▶ _STORED DATA_:
=== Section Start ===

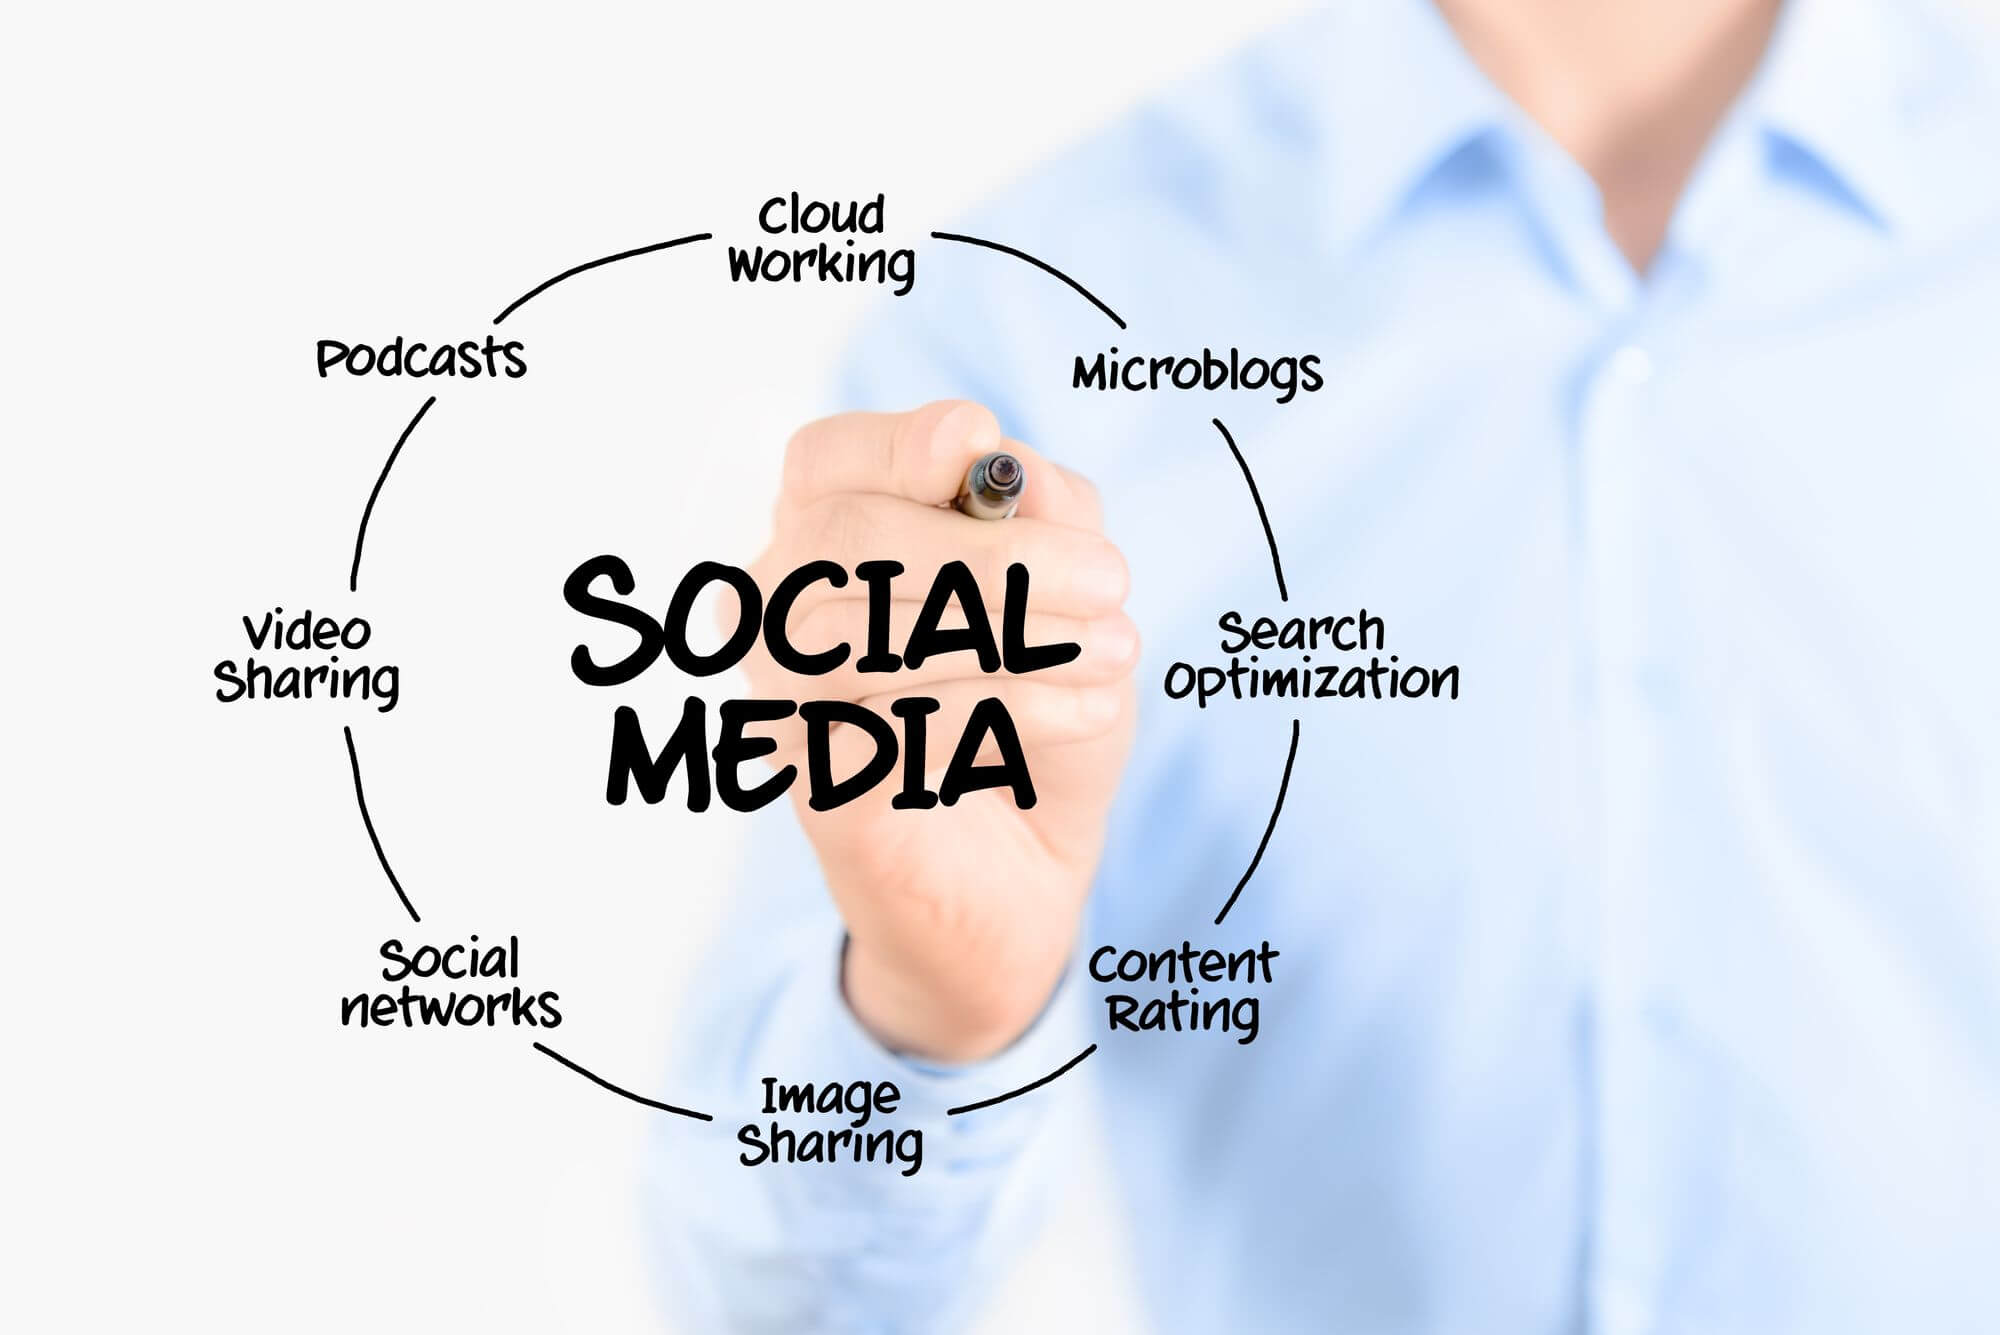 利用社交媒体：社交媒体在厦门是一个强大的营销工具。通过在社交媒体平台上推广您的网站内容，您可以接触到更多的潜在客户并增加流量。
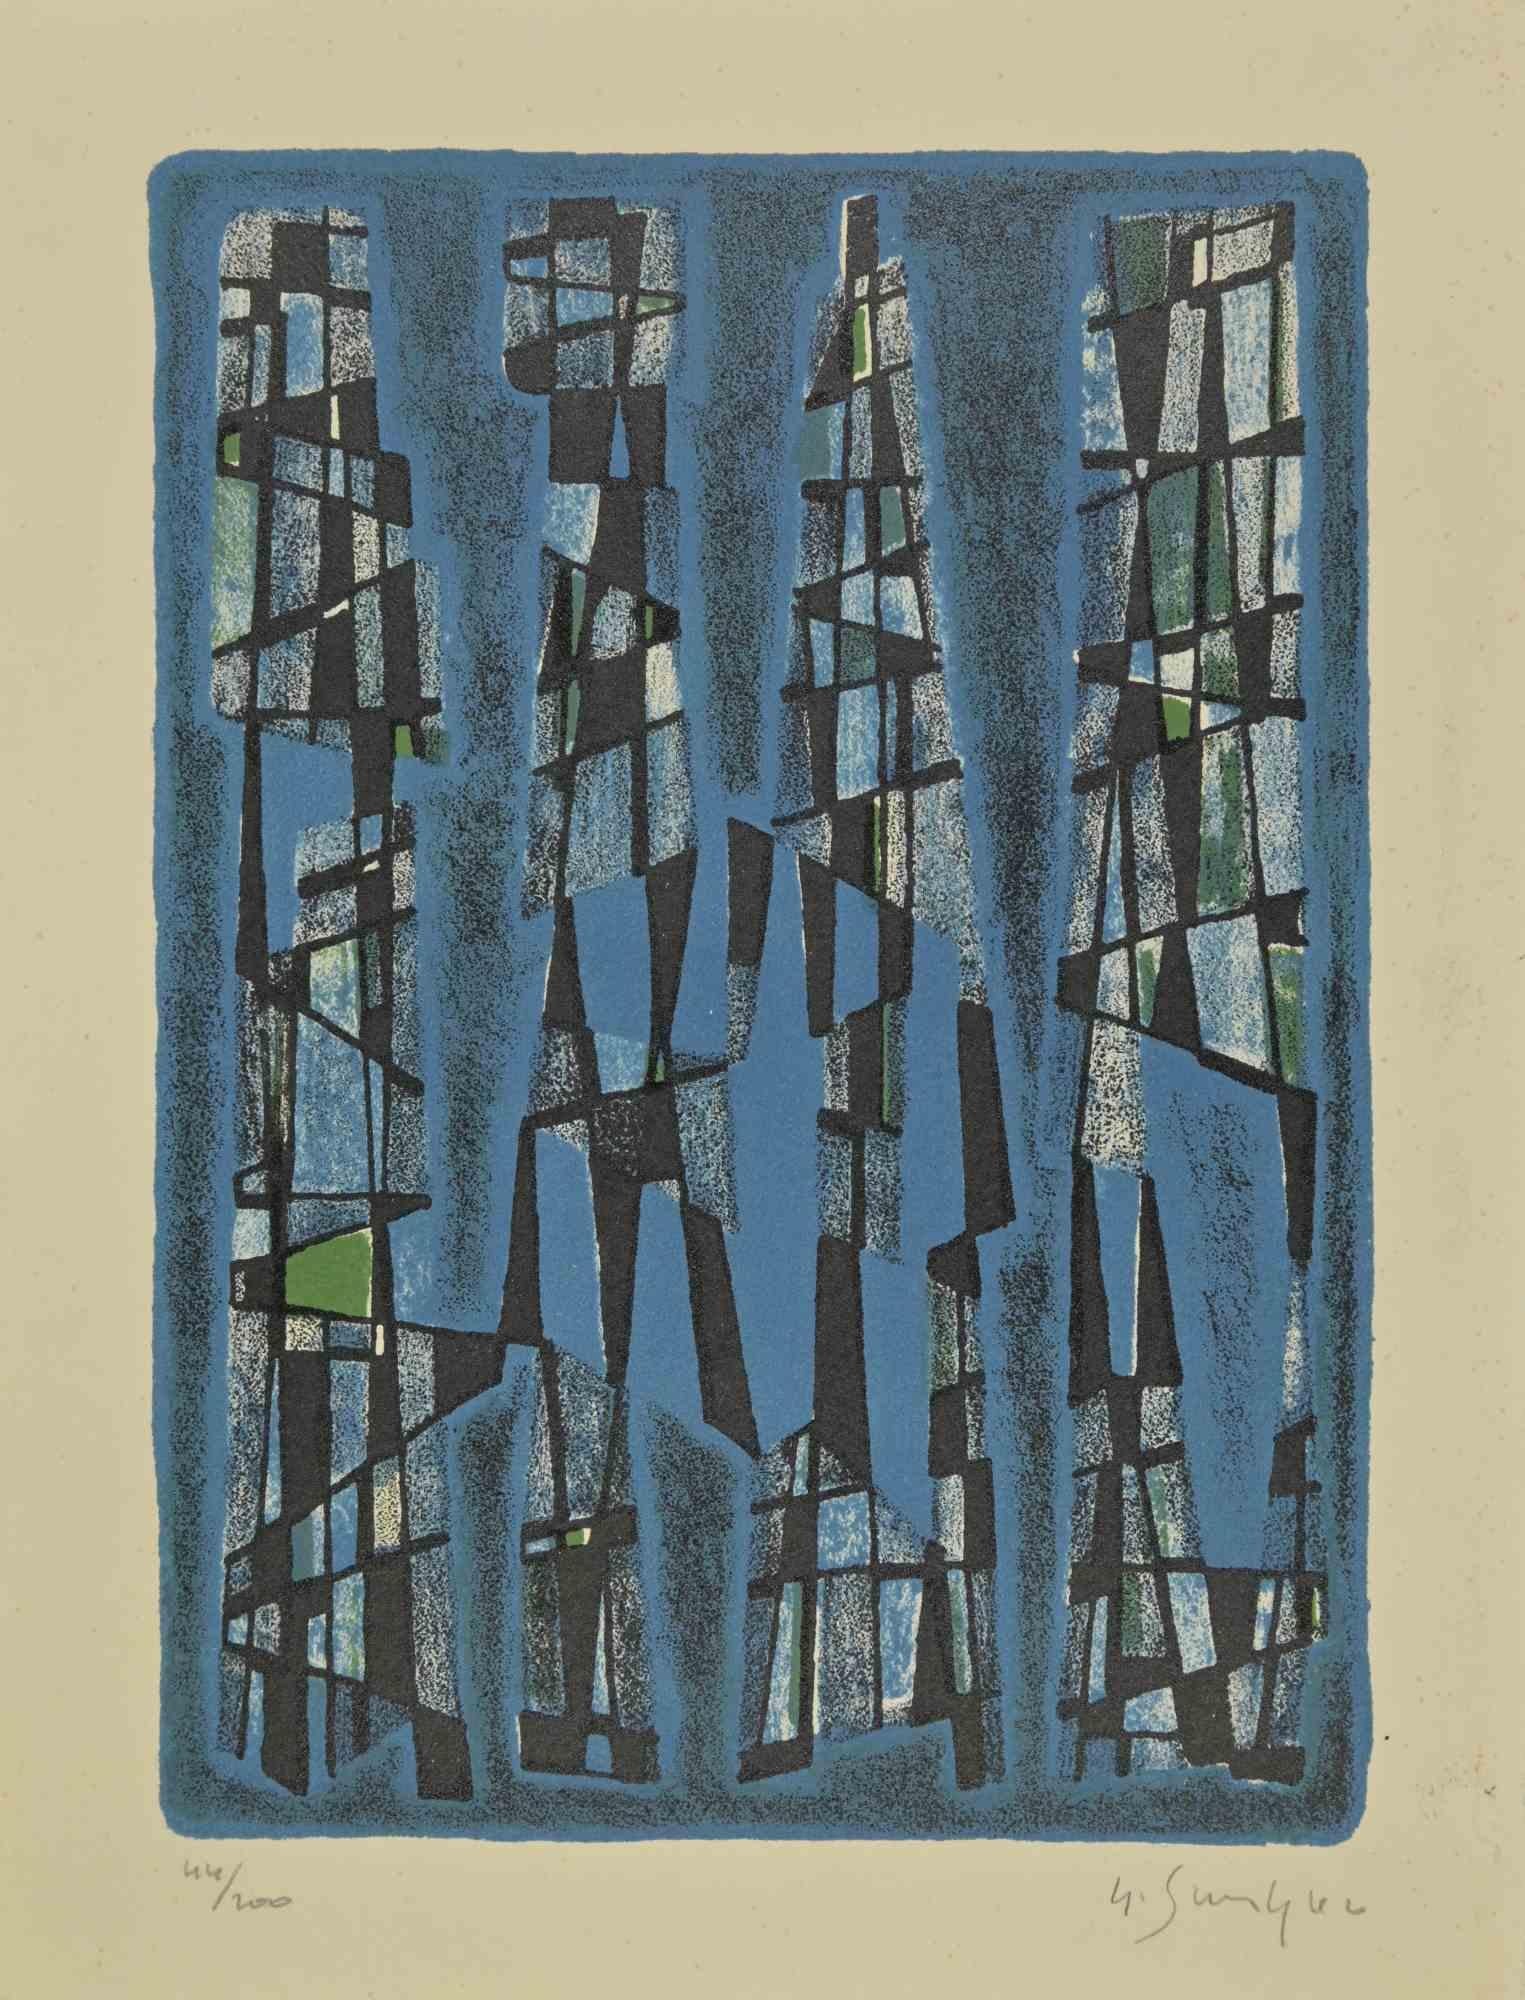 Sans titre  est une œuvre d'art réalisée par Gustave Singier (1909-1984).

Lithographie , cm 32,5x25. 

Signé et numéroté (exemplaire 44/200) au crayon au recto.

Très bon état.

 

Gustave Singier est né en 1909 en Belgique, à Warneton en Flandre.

=== Section End ===

▶ _REQUIREMENT_: Beginning at the line that contains "Très bon état.", reproduce every line down to the last line of the entries above, exactly and only those.

▶ _ANSWER BOX_:
Très bon état.

 

Gustave Singier est né en 1909 en Belgique, à Warneton en Flandre.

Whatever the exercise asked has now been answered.